- _About this exercise_: Exact copies of the lines below are the goal; any images in them are dropped.

- _Supplied data_:
== Segment start ==
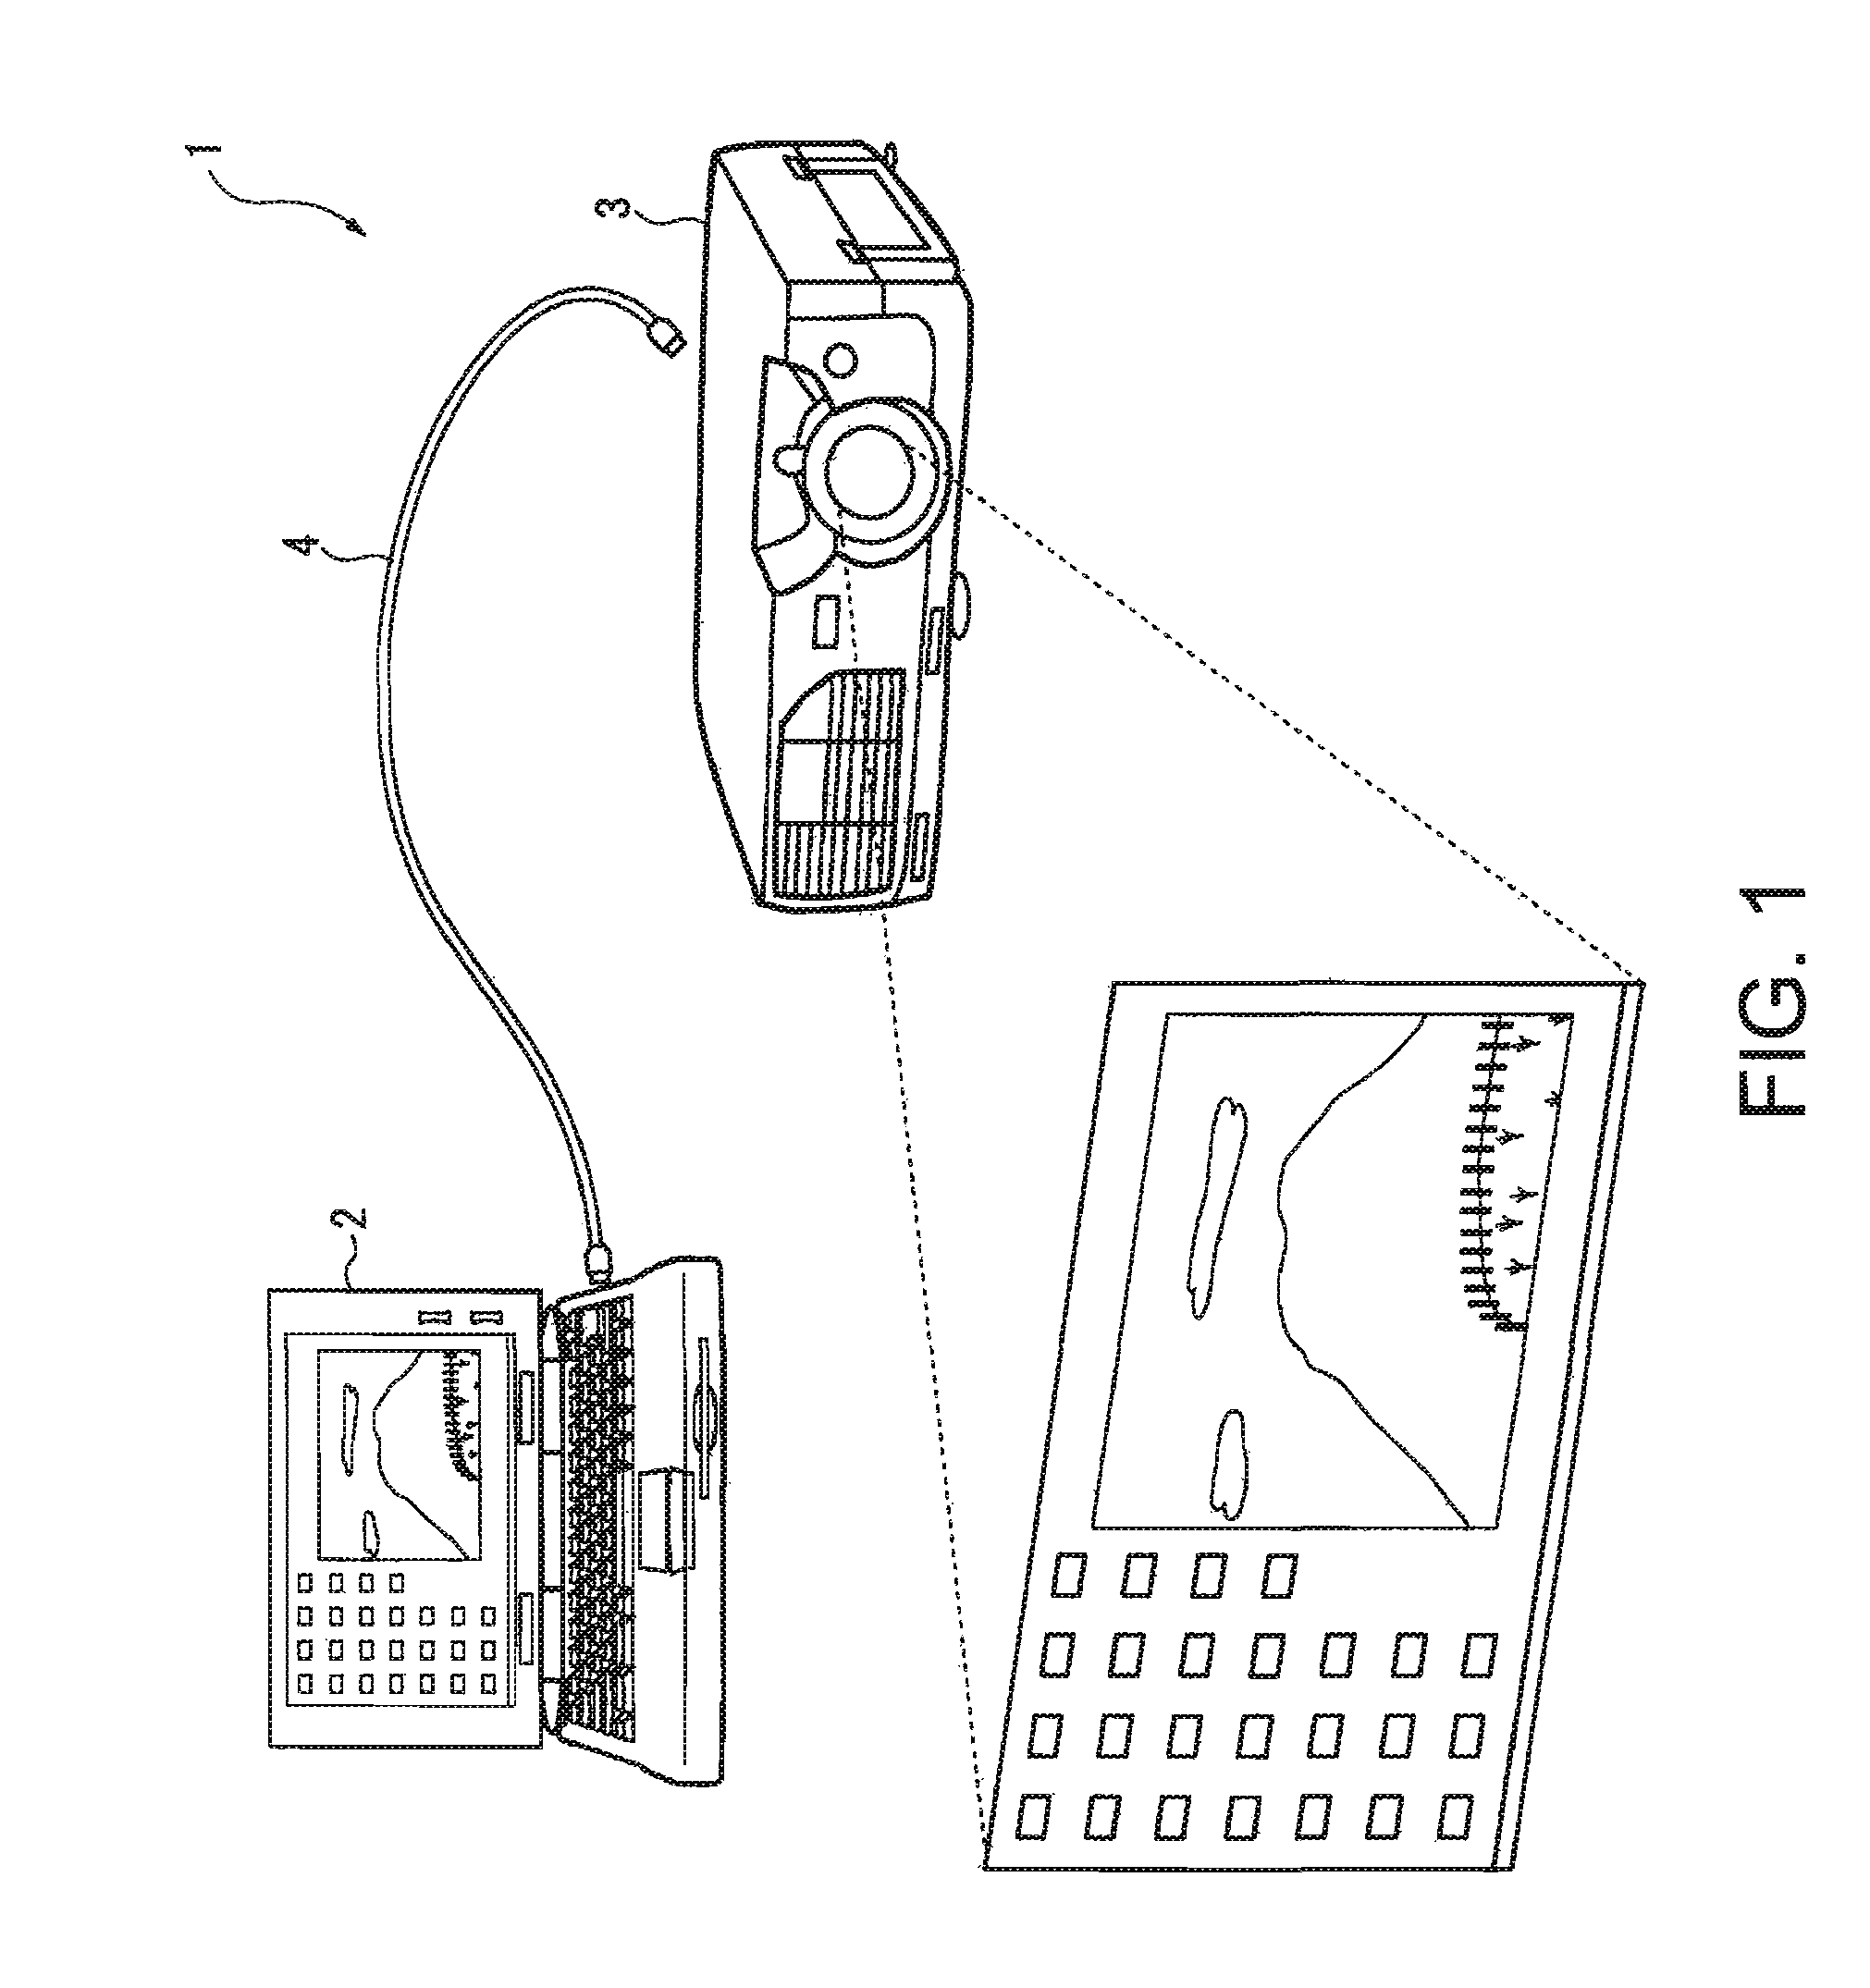 Image display system, image display device, and image data output device
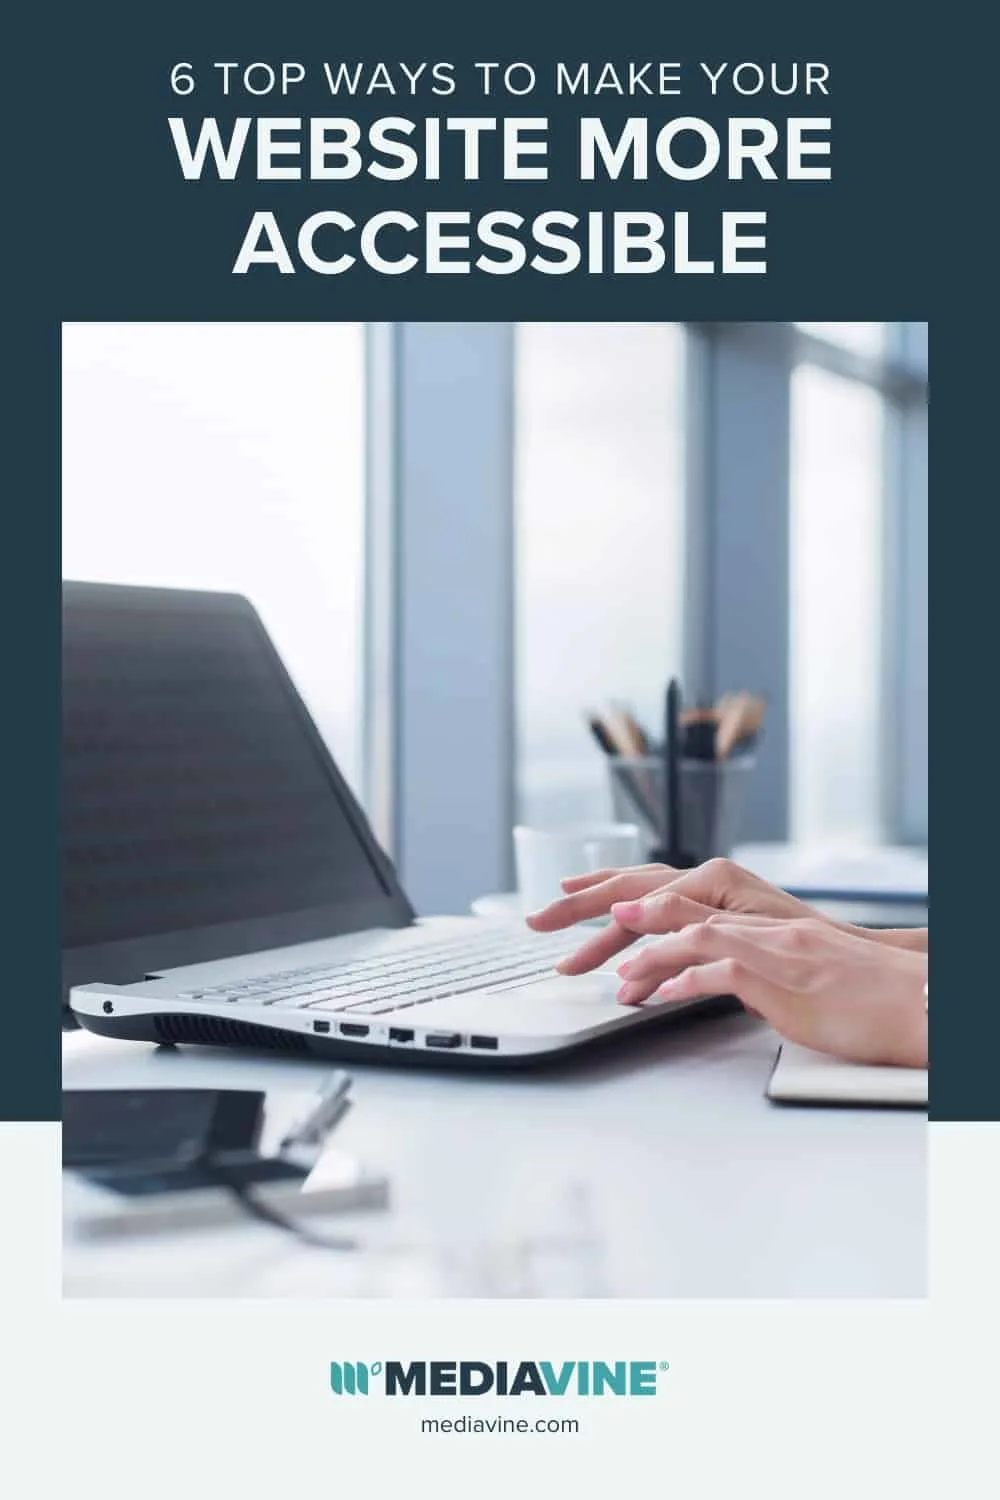 6 top ways to make your website more accessible - Mediavine Pinterest Image
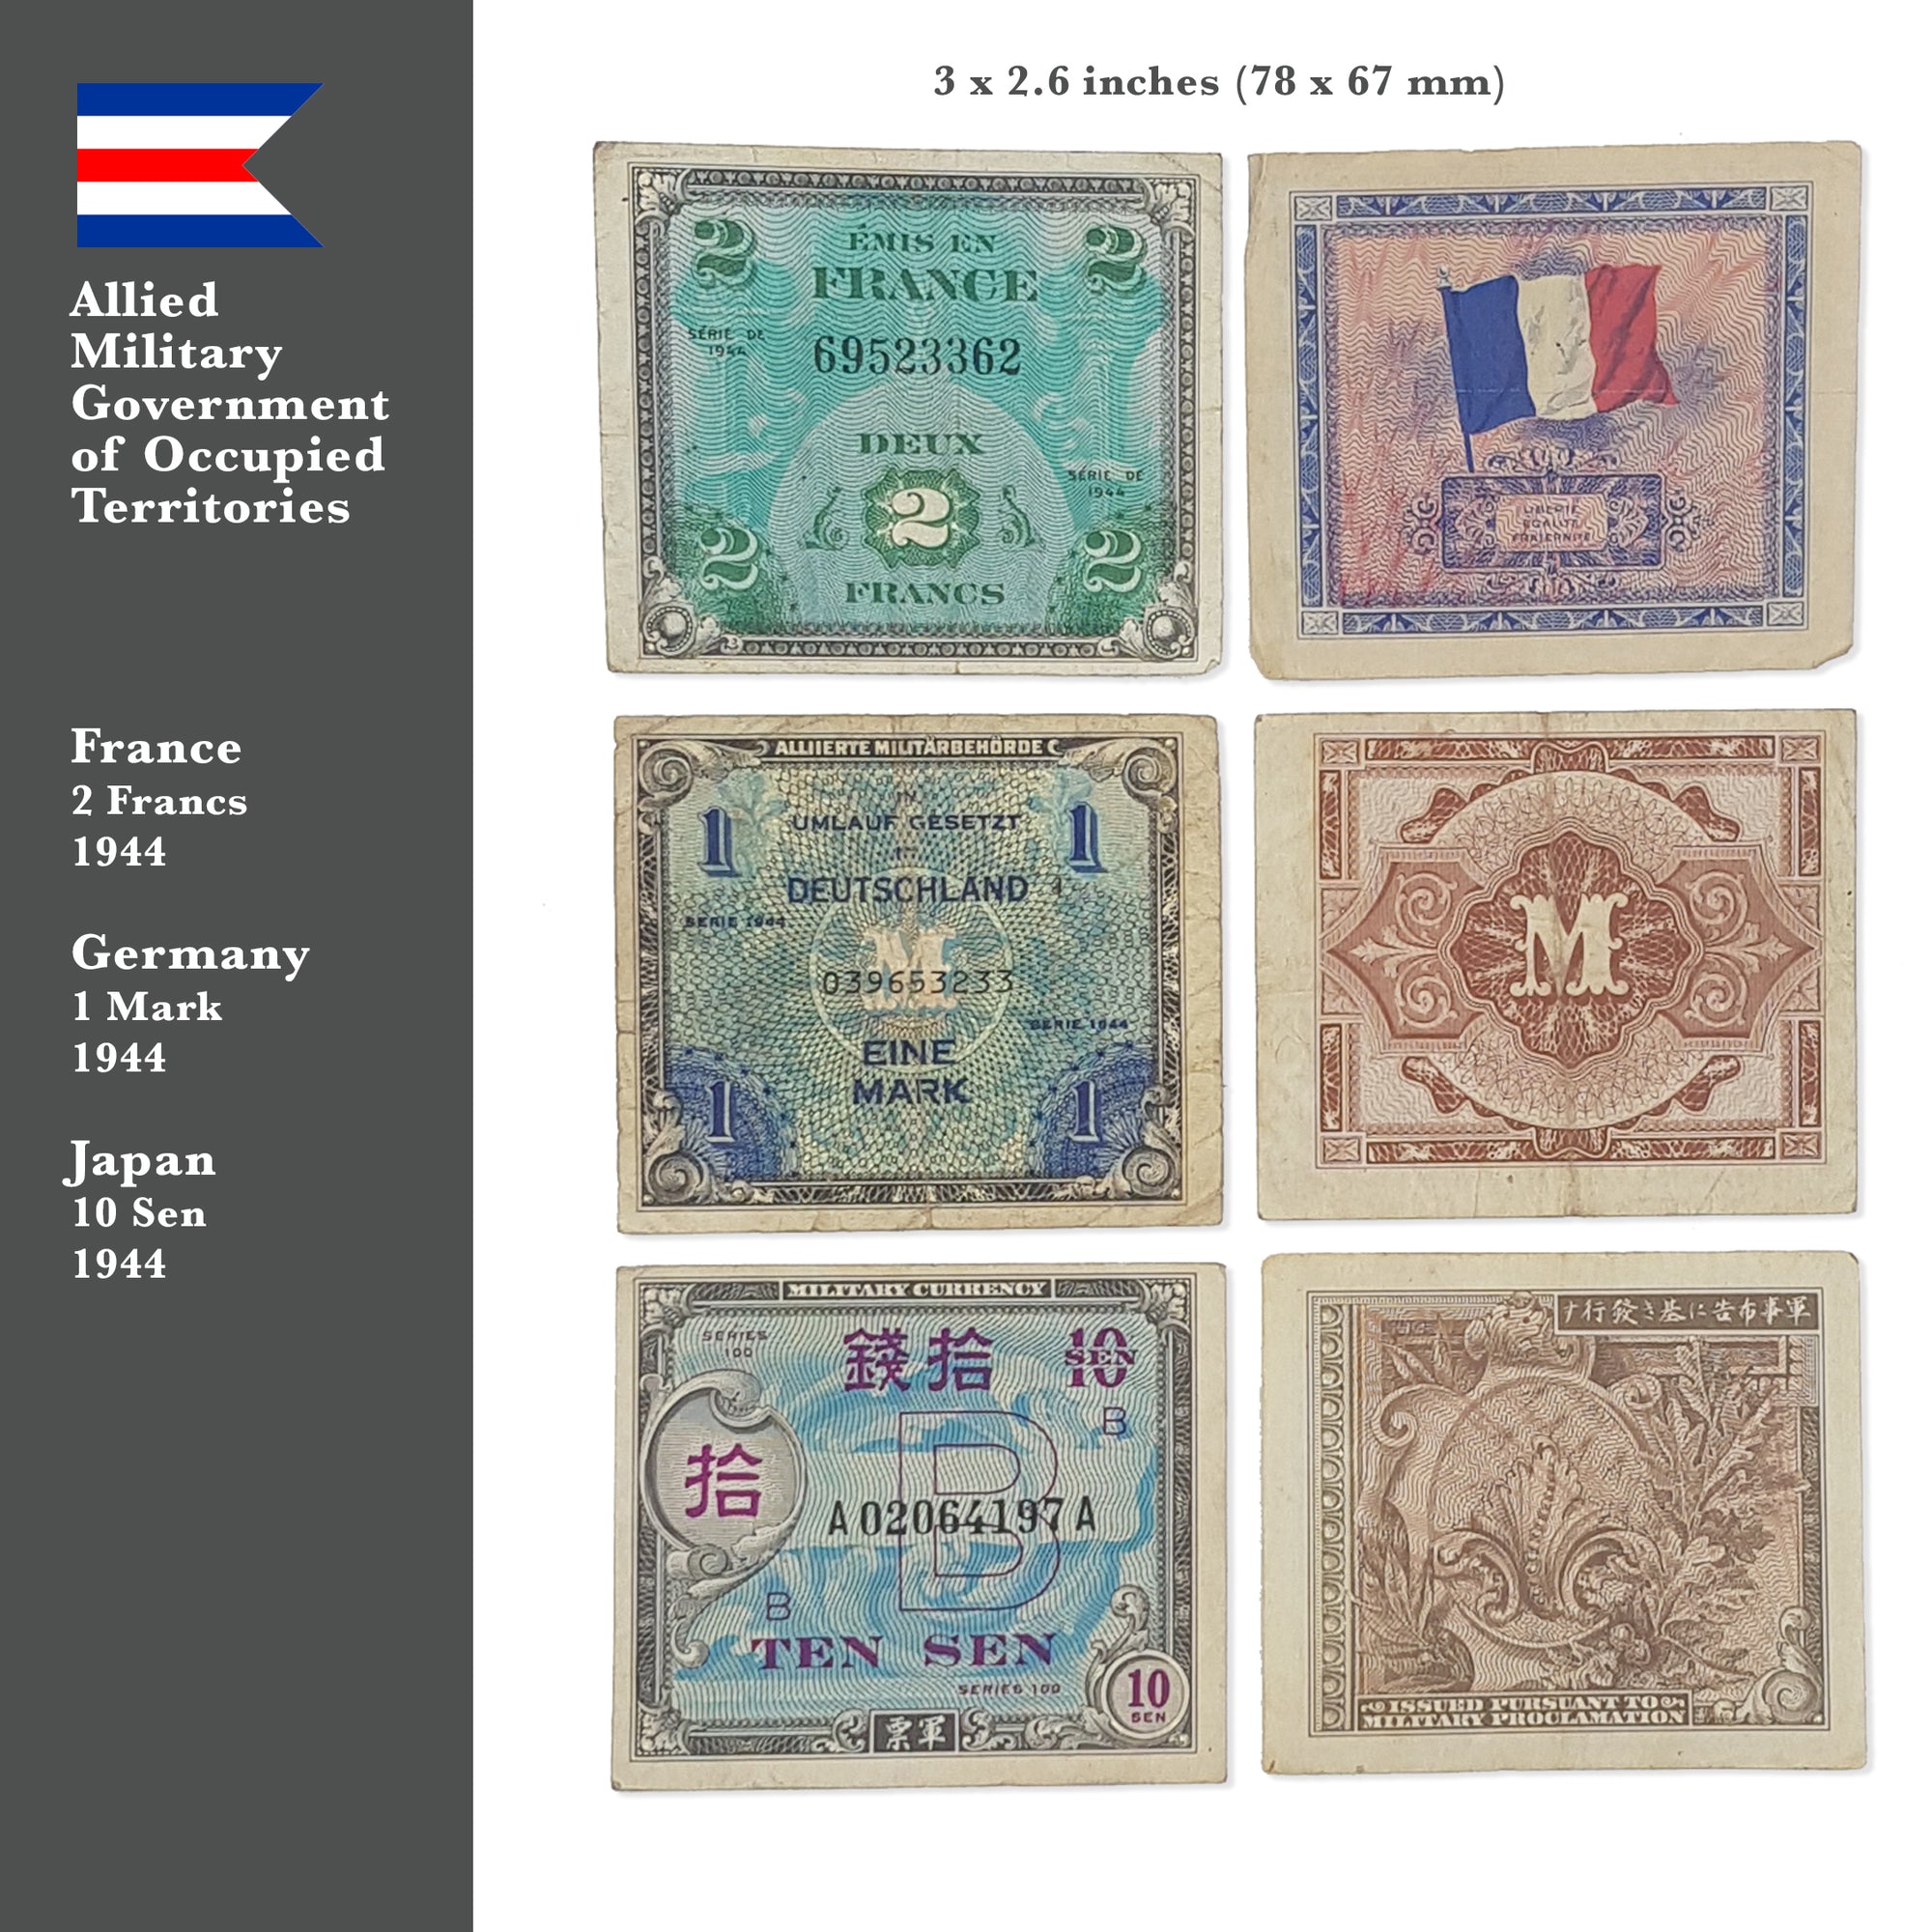 Allied Military Currency. Second World War - 3 banknotes from Germany, France and Japan, Allied Occupied Countries. Certificate of Authenticity Included
== Segment end ==
- _Reply to the exercise_:
 Image display system, image display device, and image data output device
 6 top ways to make your website more accessible - Mediavine Pinterest Image
 Allied Military Currency. Second World War - 3 banknotes from Germany, France and Japan, Allied Occupied Countries. Certificate of Authenticity Included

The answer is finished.